Reputation: 865
I am trying to deploy scrapy project with scrapyd. I can run my project normally by use
cd /var/www/api/scrapy/dirbot
scrapy crawl dmoz
This is step by step I did:
1/ I run
scrapy version -v
>> Scrapy : 0.16.3
lxml : 3.0.2.0
libxml2 : 2.7.8
Twisted : 12.2.0
Python : 2.7.3 (default, Aug 1 2012, 05:14:39) - [GCC 4.6.3]
Platform: Linux-3.2.0-31-virtual-x86_64-with-Ubuntu-12.04-precise
2/ install scrapyd with
aptitude install scrapyd-0.16
3/ I have project scrapy at /var/www/api/scrapy/dirbot (http://domain.com/api/scrapy/dirbot). I edit scrapy.cfg
[settings]
default = dirbot.settings
[deploy:scrapyd2]
url = http://domain.com/api/scrapy/dirbot/
username = vu
password = hoang
4/ I test with deploy command
scrapy deploy -l
>> scrapyd2 http://domain.com/api/scrapy/dirbot/
5/ But when I use command
scrapy deploy -L scrapyd2
>> /usr/local/lib/python2.7/dist-packages/Scrapy-0.16.3-py2.7.egg/scrapy/settings/deprecated.py:23: ScrapyDeprecationWarning: You are using the following settings which are deprecated or obsolete (ask [email protected] for alternatives):
BOT_VERSION: no longer used (user agent defaults to Scrapy now)
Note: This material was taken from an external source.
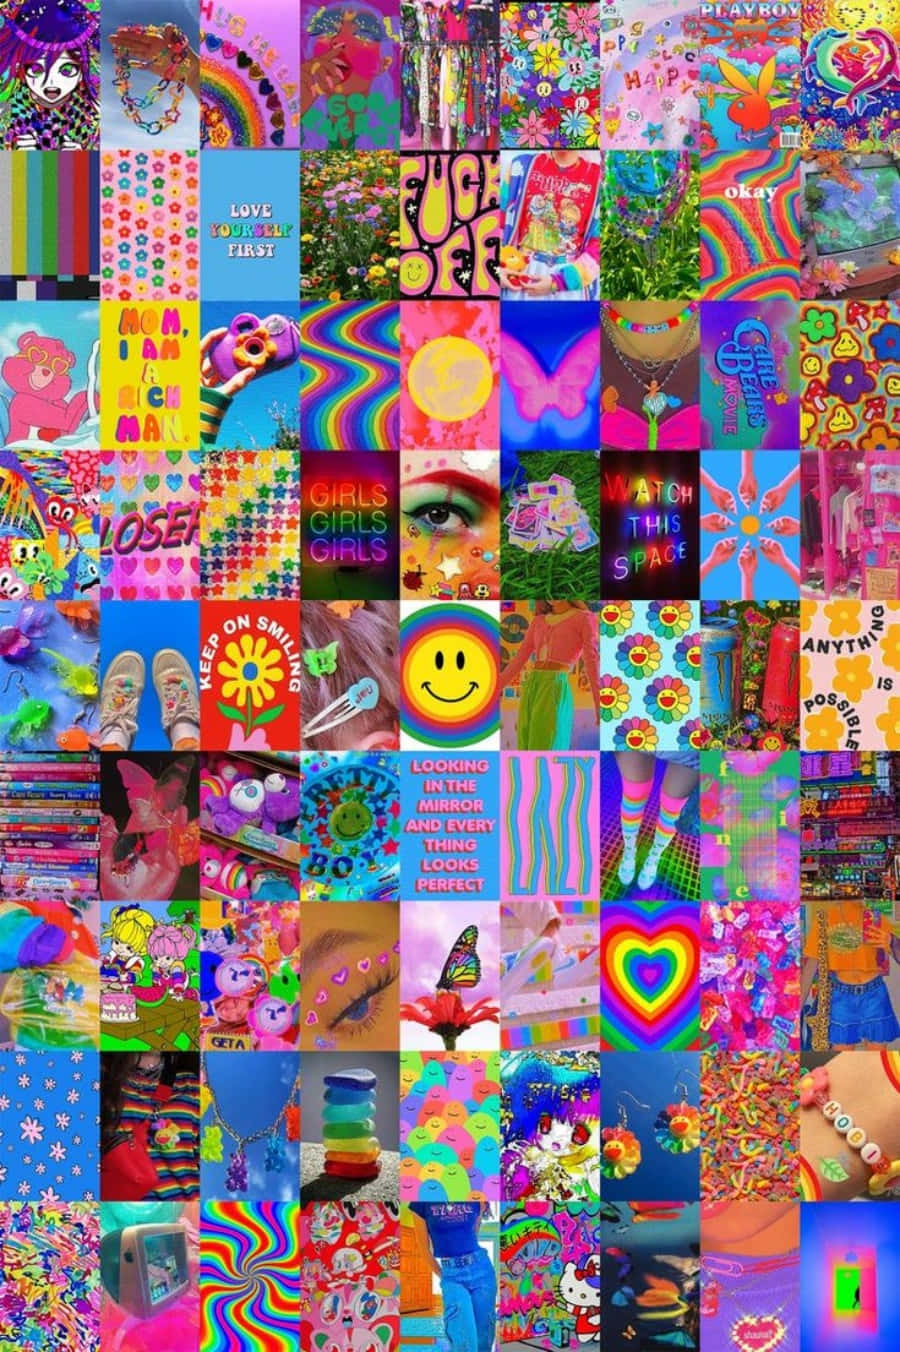 Download A Collage Of Colorful Pictures And Designs | Wallpapers.com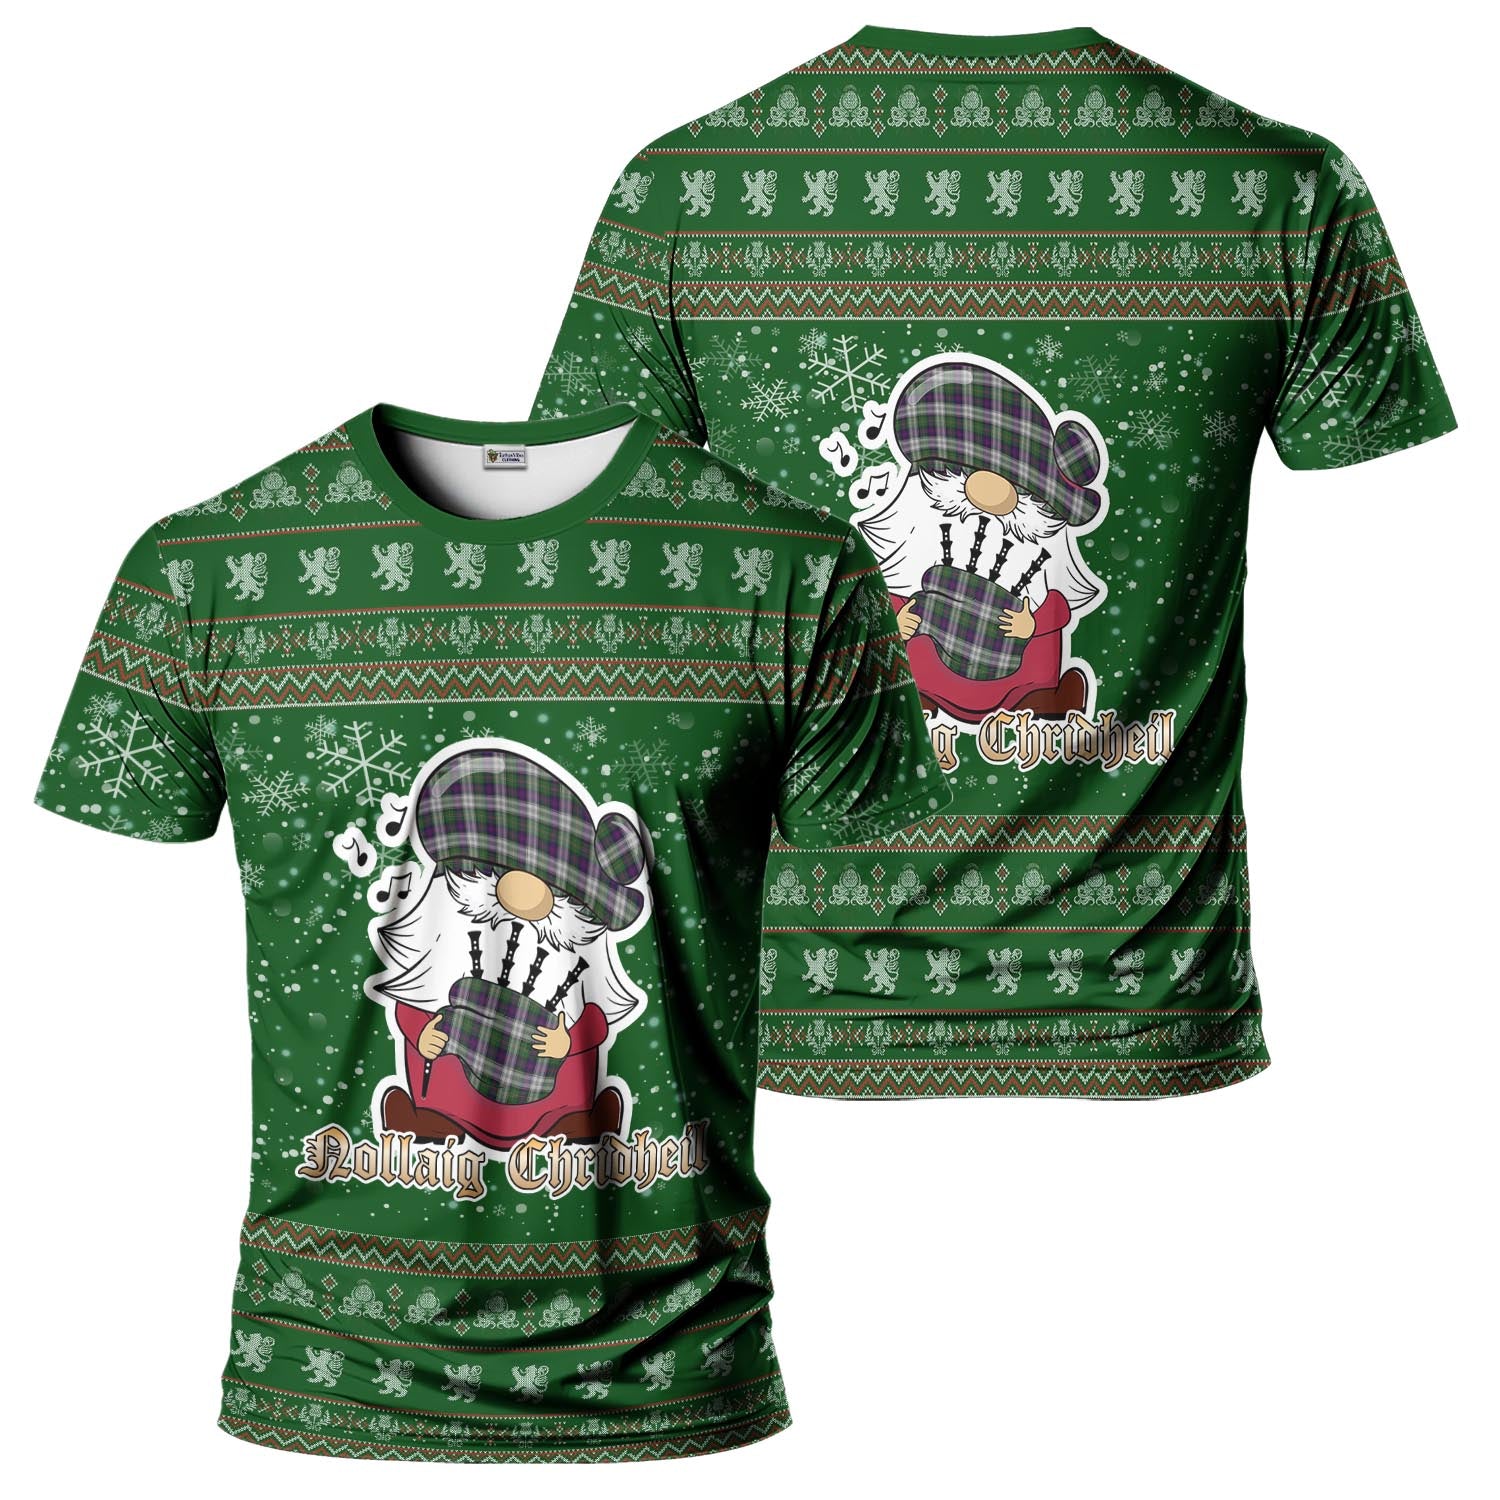 MacCallum Dress Clan Christmas Family T-Shirt with Funny Gnome Playing Bagpipes Men's Shirt Green - Tartanvibesclothing

warnings.warn(msg, ScrapyDeprecationWarning)
Traceback (most recent call last):
File "/usr/local/bin/scrapy", line 5, in <module>
pkg_resources.run_script('Scrapy==0.16.3', 'scrapy')
File "/usr/lib/python2.7/dist-packages/pkg_resources.py", line 499, in run_script
self.require(requires)[0].run_script(script_name, ns)
File "/usr/lib/python2.7/dist-packages/pkg_resources.py", line 1235, in run_script
execfile(script_filename, namespace, namespace)
File "/usr/local/lib/python2.7/dist-packages/Scrapy-0.16.3-py2.7.egg/EGG-INFO/scripts/scrapy", line 4, in <module>
execute()
File "/usr/local/lib/python2.7/dist-packages/Scrapy-0.16.3-py2.7.egg/scrapy/cmdline.py", line 131, in execute
_run_print_help(parser, _run_command, cmd, args, opts)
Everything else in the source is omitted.